L’utilizzo del termine “biologico”
Solo come accenno, merita confermare la necessità di rispettare quanto dispone all’art. 30, 2) il Reg. (Ue) 2018/848: “Nell’etichettatura e nella pubblicità non sono utilizzati termini, compresi quelli impiegati in marchi o denominazioni di società, o pratiche che possano indurre in errore il consumatore o l’utente suggerendo che un prodotto o i suoi ingredienti siano conformi al presente regolamento”. Una regola ampiamente violata, certamente da interpretare, perché l’interdizione voluta dal Legislatore è esclusivamente posta a tutela del prodotto biologico e non quale divieto a impiegare talune diffuse terminologie utilizzate anche con accezioni o in contesti diversi e non necessariamente suscettibili di creare confusione tra il prodotto biologico e quello che non è sottoposto a specifica regolamentazione in materia.
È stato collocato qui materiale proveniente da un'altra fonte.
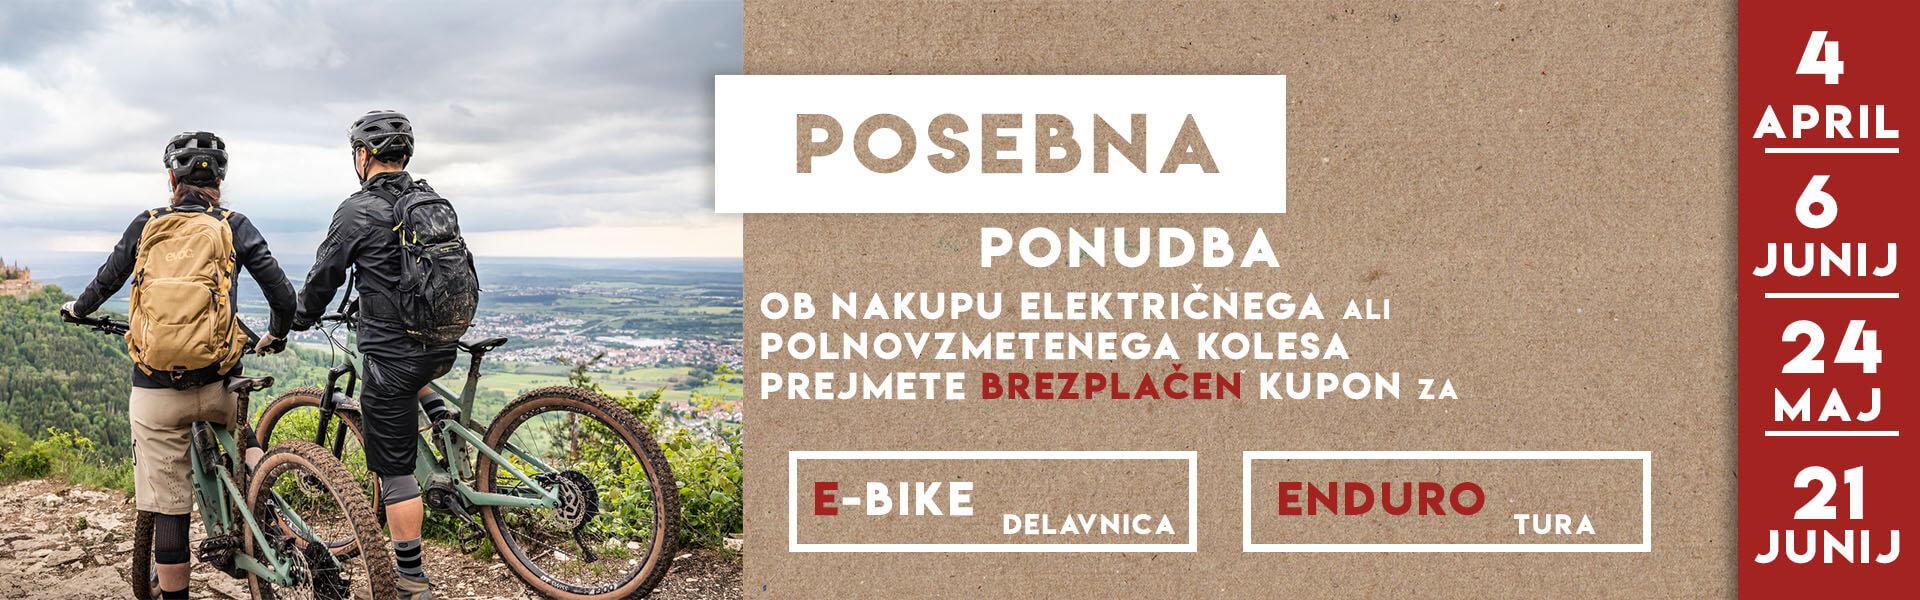 Posebna ponudba ob nakupu kolesa
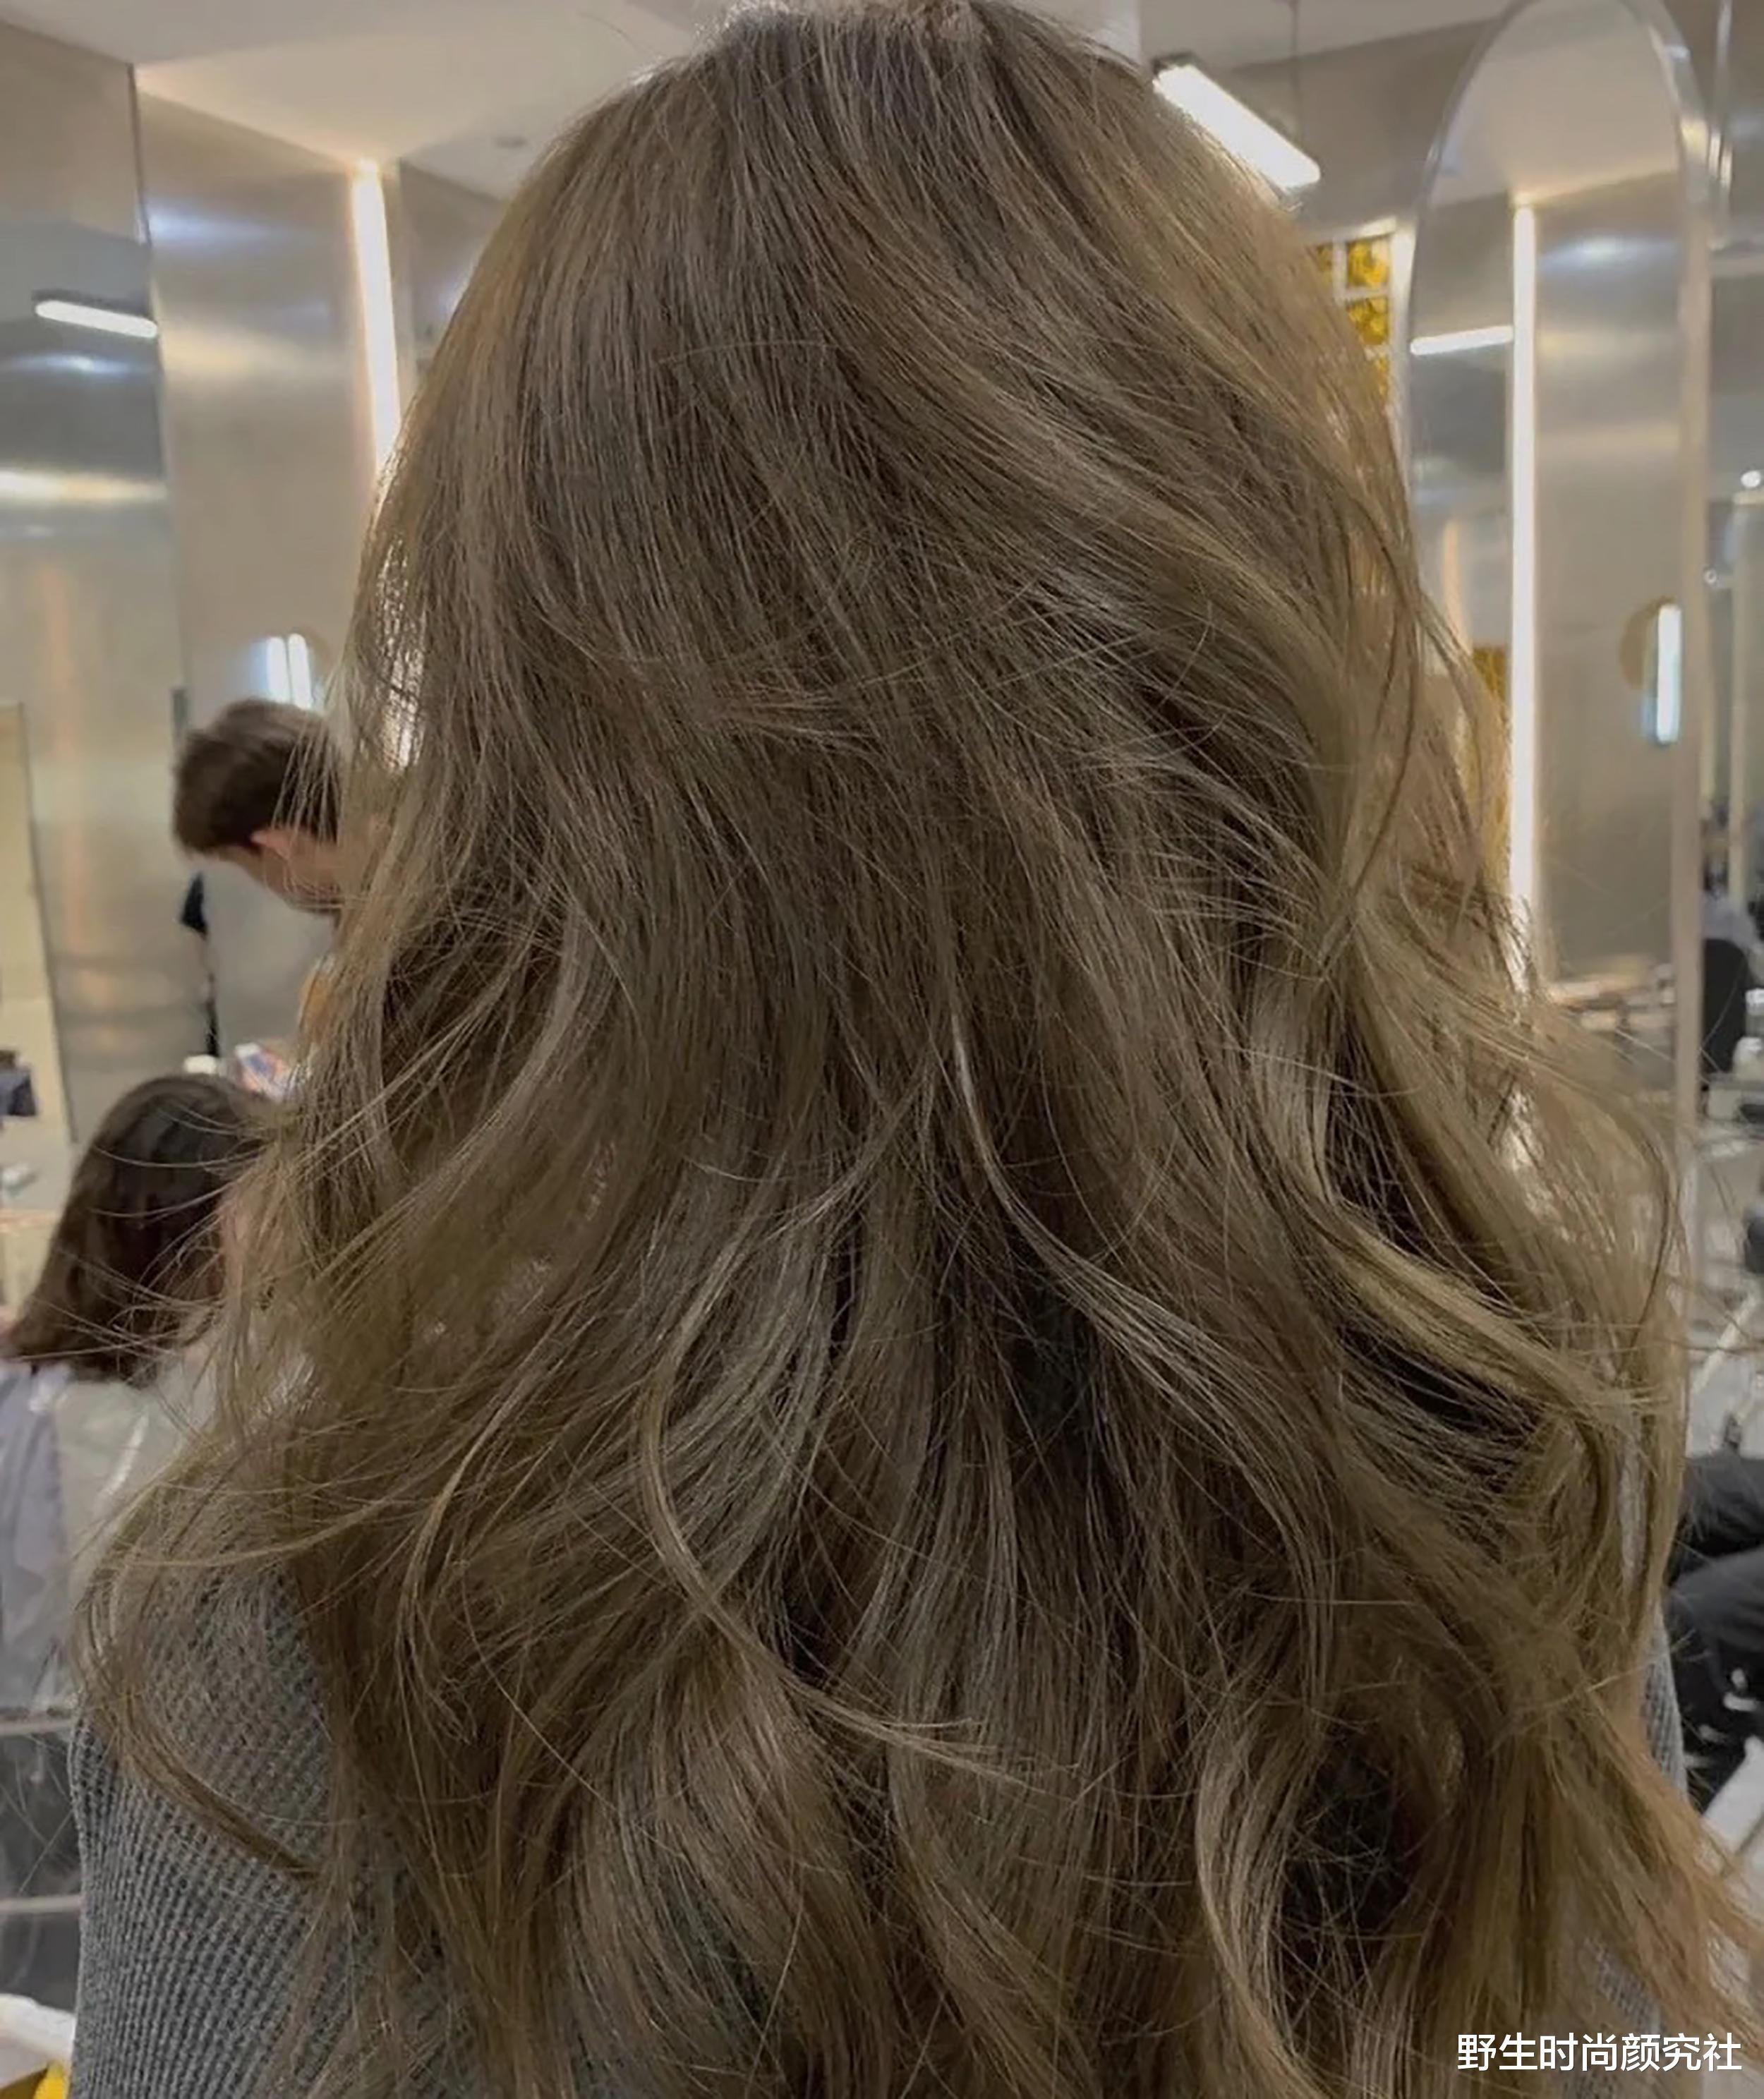 """堪称""""人间芭比""""的5款发色,不应该只属于冷白皮,黄皮快安排"""

In conclusione, mi pare che si possa affermare che numerosi grandi processi che si sono tenuti nel corso degli anni sui prodotti biologici hanno in parte riguardato frodi che nulla avevano a che fare con la produzione fatta secondo la legge, mentre un’altra parte ha interessato aspetti tecnici di estrema complessità che richiedono una conoscenza tecnica e giuridica del settore non sempre presente in fase di primi controlli e di primo impatto nei confronti dei controllati. La fiducia dei consumatori relativamente al prodotto da agricoltura biologica è sempre ampia e il compito di noi tecnici, anche del diritto, è contribuire a rafforzarla.